I don't know whether to piss and moan because I have been forced to use DTS or be glad that I'm learning it. Hmm. I guess I'll just bitch. It turns out that DTS has a very clever trick. You see its scheduler only runs the versions of the DTS package that you created it with. Sensible, but counter-intuitive.

So imagine that you inherit a pile of spaghetti in which the production stream is, for some unknown reason, stretched across two machines. So half of the production run goes on one DTS package which then FTPs data over to another SQL Server and which then runs another set of DTS packages. You find a silly glitch in one of the packages, correct it, save it and you're good to go right? No. You have to disable the calling job and recreate a new job.

Of course there's no way to tell this unless logging is enabled. Is it? Hell no. So when I enable logging, I get some godawful hashed names. Well, I shouldn't be so harsh because I like hashed names, but we all know the Microsoft hashed GUIDs don't use a real secure hash. But I'll play Monty Hall and give a big blog shout out for whomever can show me the MS Hash algorithm.

And what's the deal with the internal names in the text logs?
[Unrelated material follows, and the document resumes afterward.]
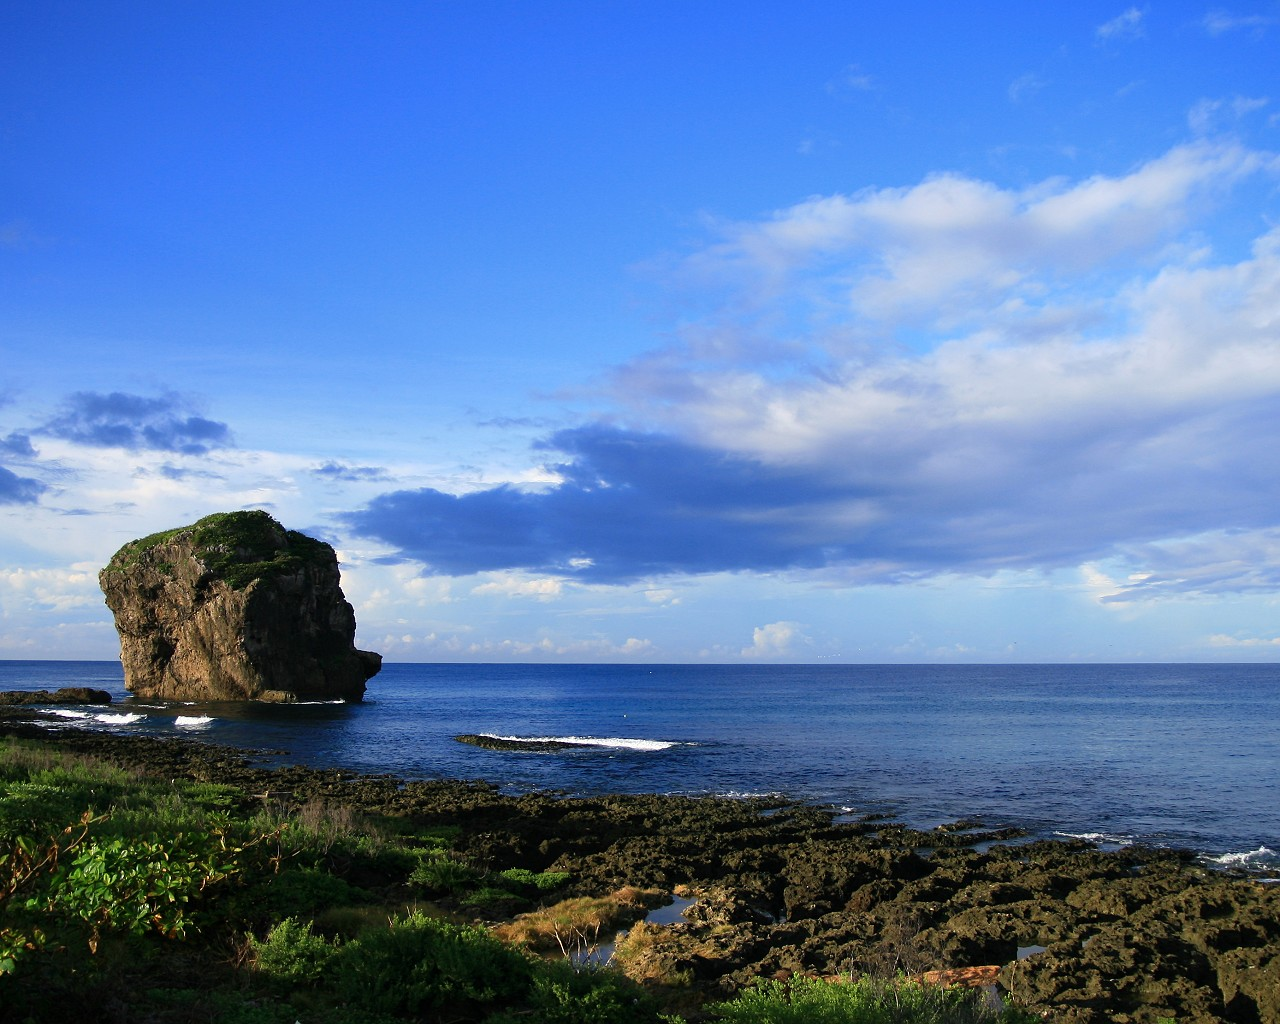 船帆石高約18公尺,矗立於海中,遠望似艘即將啟碇的帆船,因而得名。(圖片來源: http://www.gogotaiwan.xcom.tw/)

What do I care about DTSTask_DataPumpTask_43? Why do you think I put human readable text in the description box, maybe so I could read the log? Duh! I still haven't figured out why parameter passing doesn't work like it should. Something tells me that the scoping rules won't work either. And don't even get me started on notifications and operators.

Why did it take me a week to figure this out? Because there's no test environment of course. We just slam everything into production. Now you know I shave my head, there'd be too much grey.